According to the Brooklyn Paper, he suggested Tom Hanks had become a citizen of Greece after the country labeled pedophilia as a disability with various QAnon hashtags. The claim is untrue. (Hanks did become a Greek citizen, but pedophilia is not classified as a disability in Greece.)
In a tweet, he said the apparent support was “just reposts and hashtags.”
Szuszkiewicz has also downplayed the COVID-19 crisis. At the same time, he has said on Instagram that having coronavirus antibodies could impact your ability to get health insurance, citing an anecdote from a client.
The longtime Bay Ridge resident had launched a campaign on fighting banks on overdraft fees, a video-gaming afterschool program, and “regrowing the economy.” His website lists a varied employment history, including real estate agent, truck driver, actor, and local TV show host.
His campaign spokesperson, who joined the team after the election to help with a surge in media attention after the race became “unexpectedly” close, declined to make the candidate available for an interview. Szuszkiewicz did not respond to messages.
“Mark's social media repostings were an issue the voters already knew about during the campaign. Discussing them further is clearly a result of the race in the 46th being too close to call, unfortunately distracting from a closer look also at how Democrats alienated Southern Brooklyn voters,” the campaign said in a statement on Wednesday.
The campaign didn’t immediately respond Thursday morning to requests for comment about Frontus declaring victory.

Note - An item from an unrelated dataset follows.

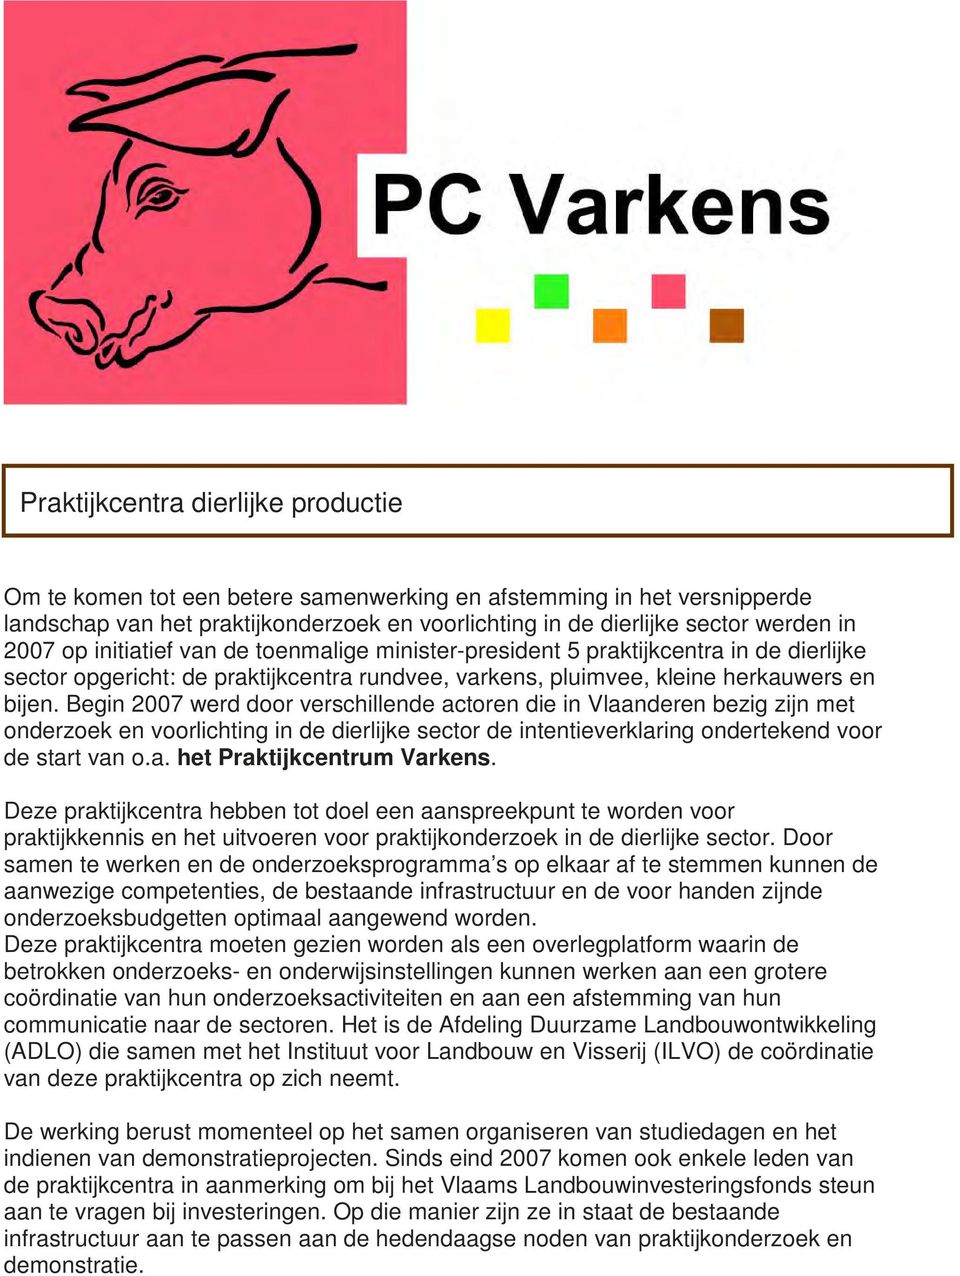 Begin 2007 werd door verschillende actoren die in Vlaanderen bezig zijn met onderzoek en voorlichting in de dierlijke sector de intentieverklaring ondertekend voor de start van o.a. het Praktijkcentrum Varkens.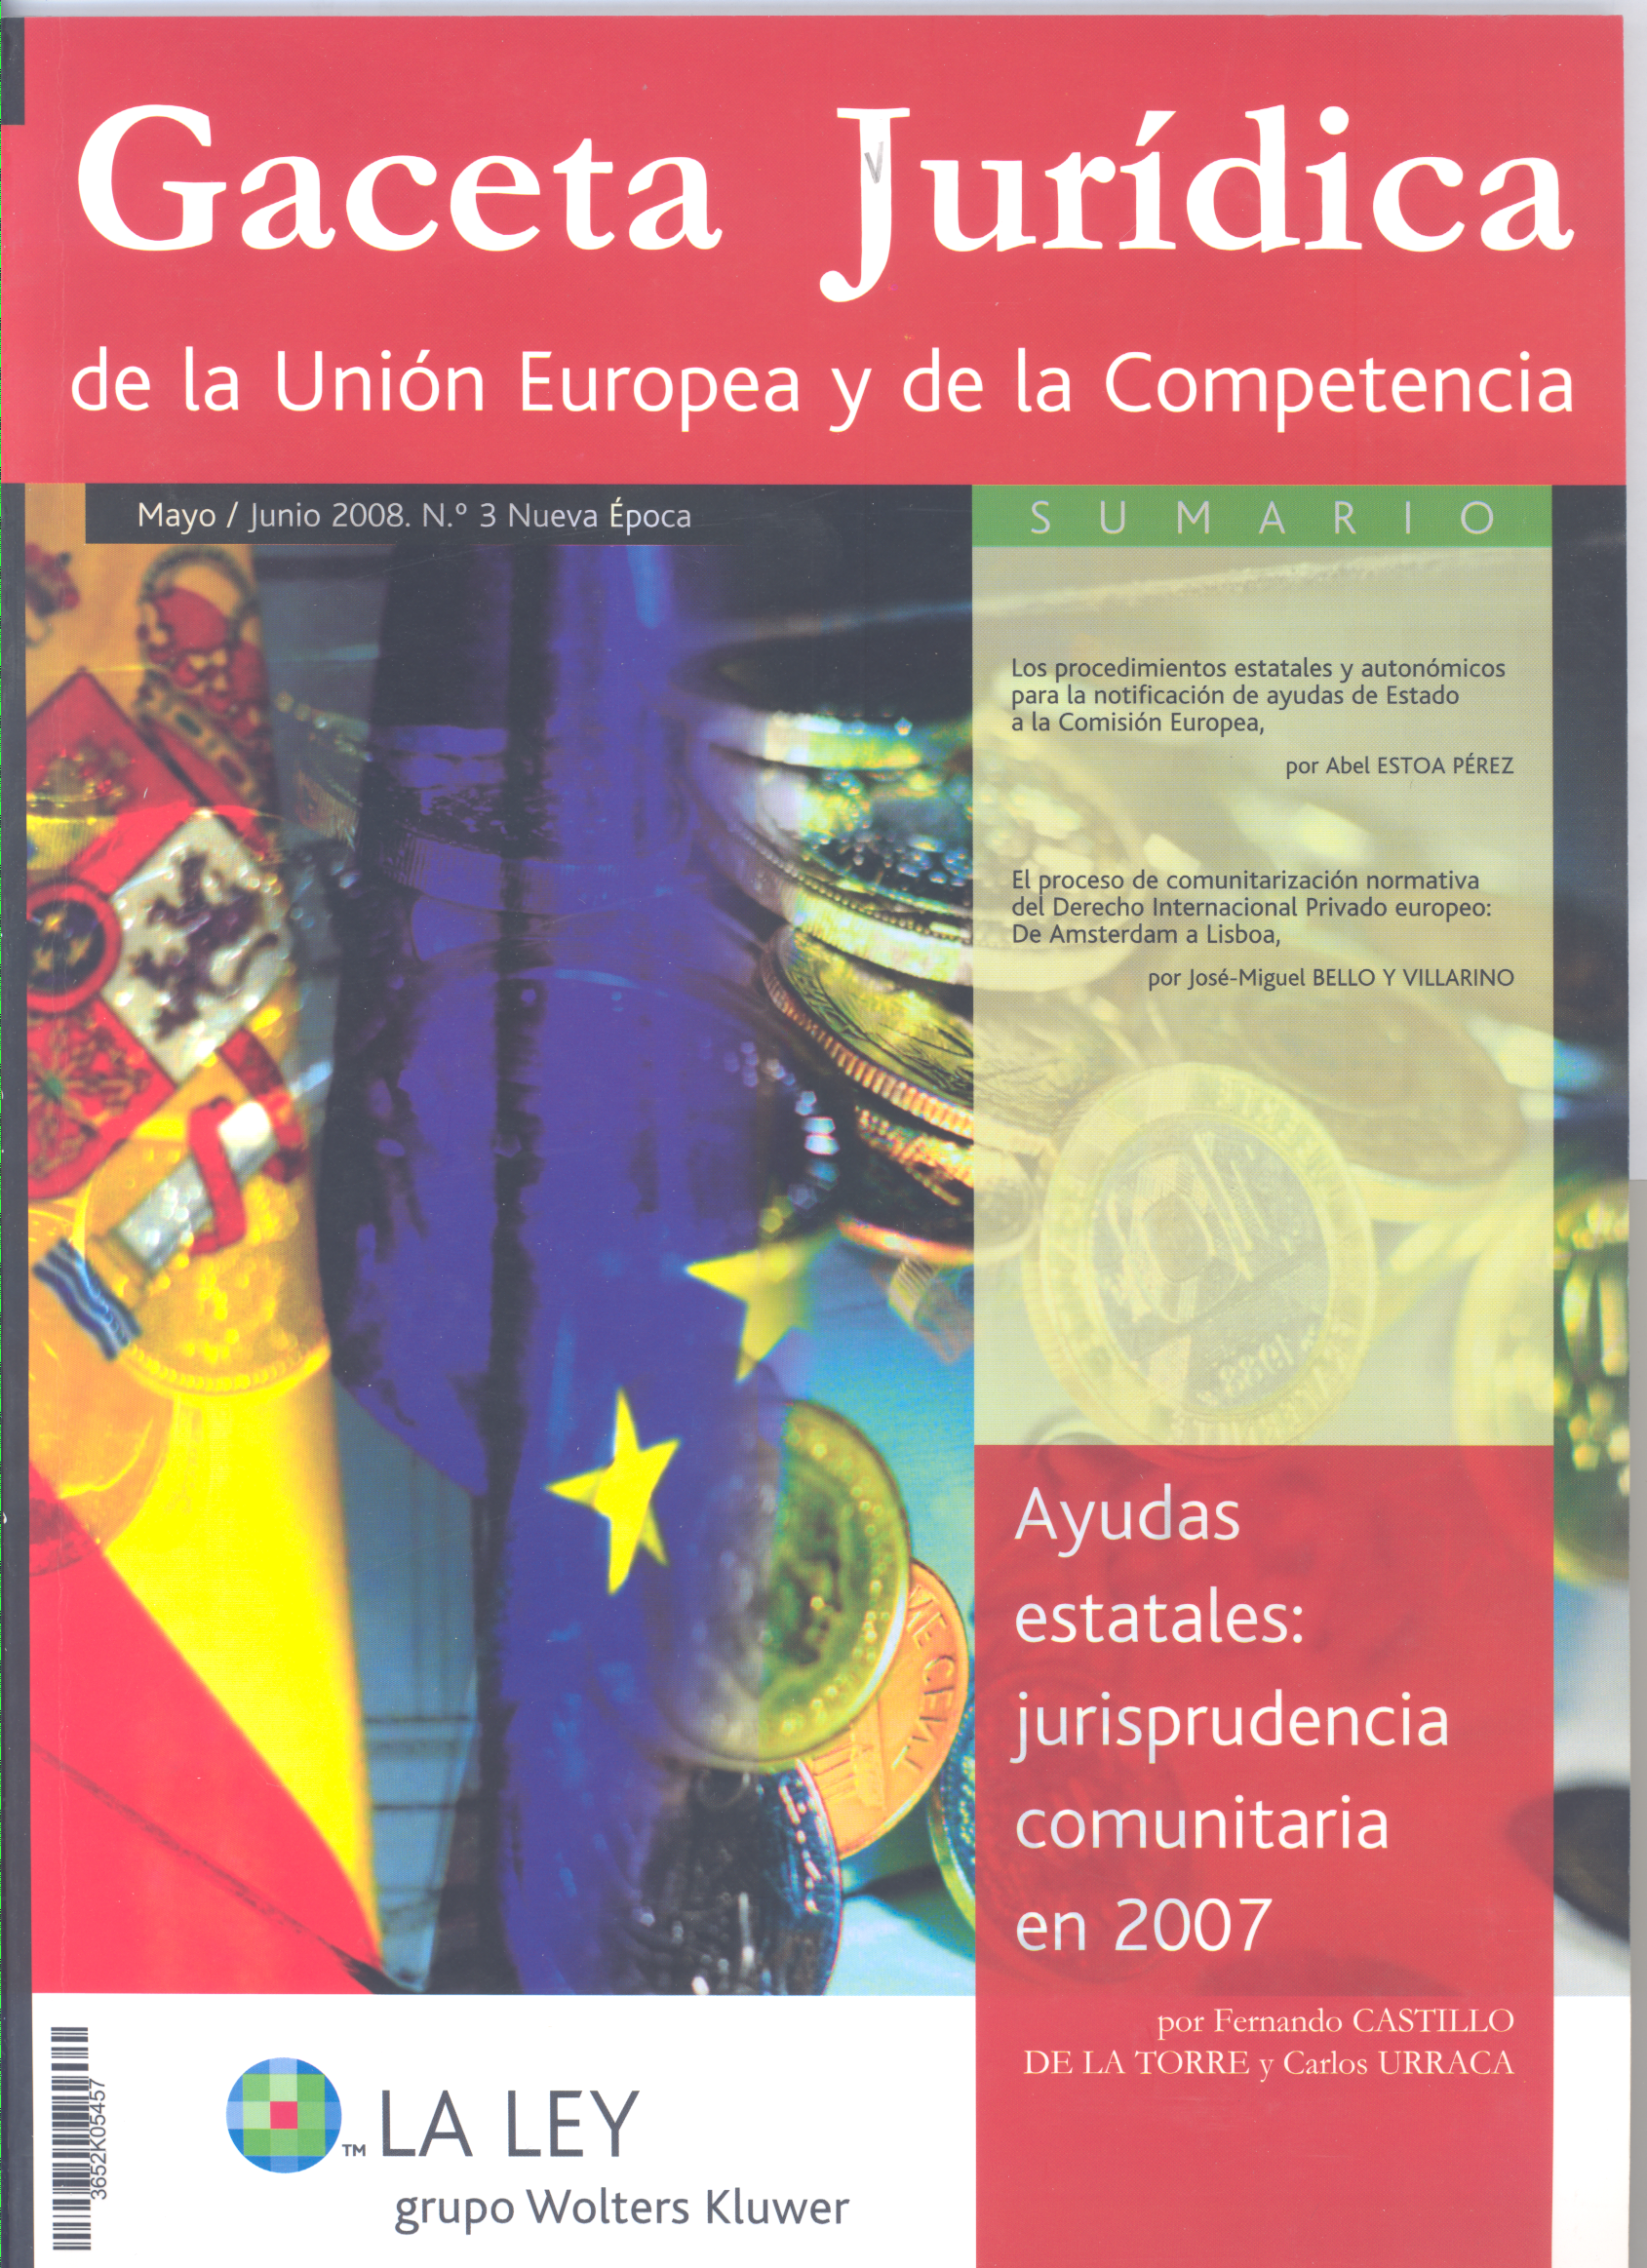 El proceso de comunitarización normativa del Derecho Internacional Privado europeo: de Amsterdam a Lisboa

One longtime Brighton Beach resident and former community board member, Ida Sanoff, was stunned at the early results on election night, particularly in the Gounardes and Frontus races.
But she said Democrats had “ignored the warning signs” and “alienated” immigrants from Eastern Europe and their descendants, many of whom fear becoming a socialist country.
“Boy, I was shocked as hell,” Sanoff said. “To have somebody that nobody’s ever heard of that’s a QAnon supporter to do so well is nuts.”
“The Earth did move in Southern Brooklyn," she added.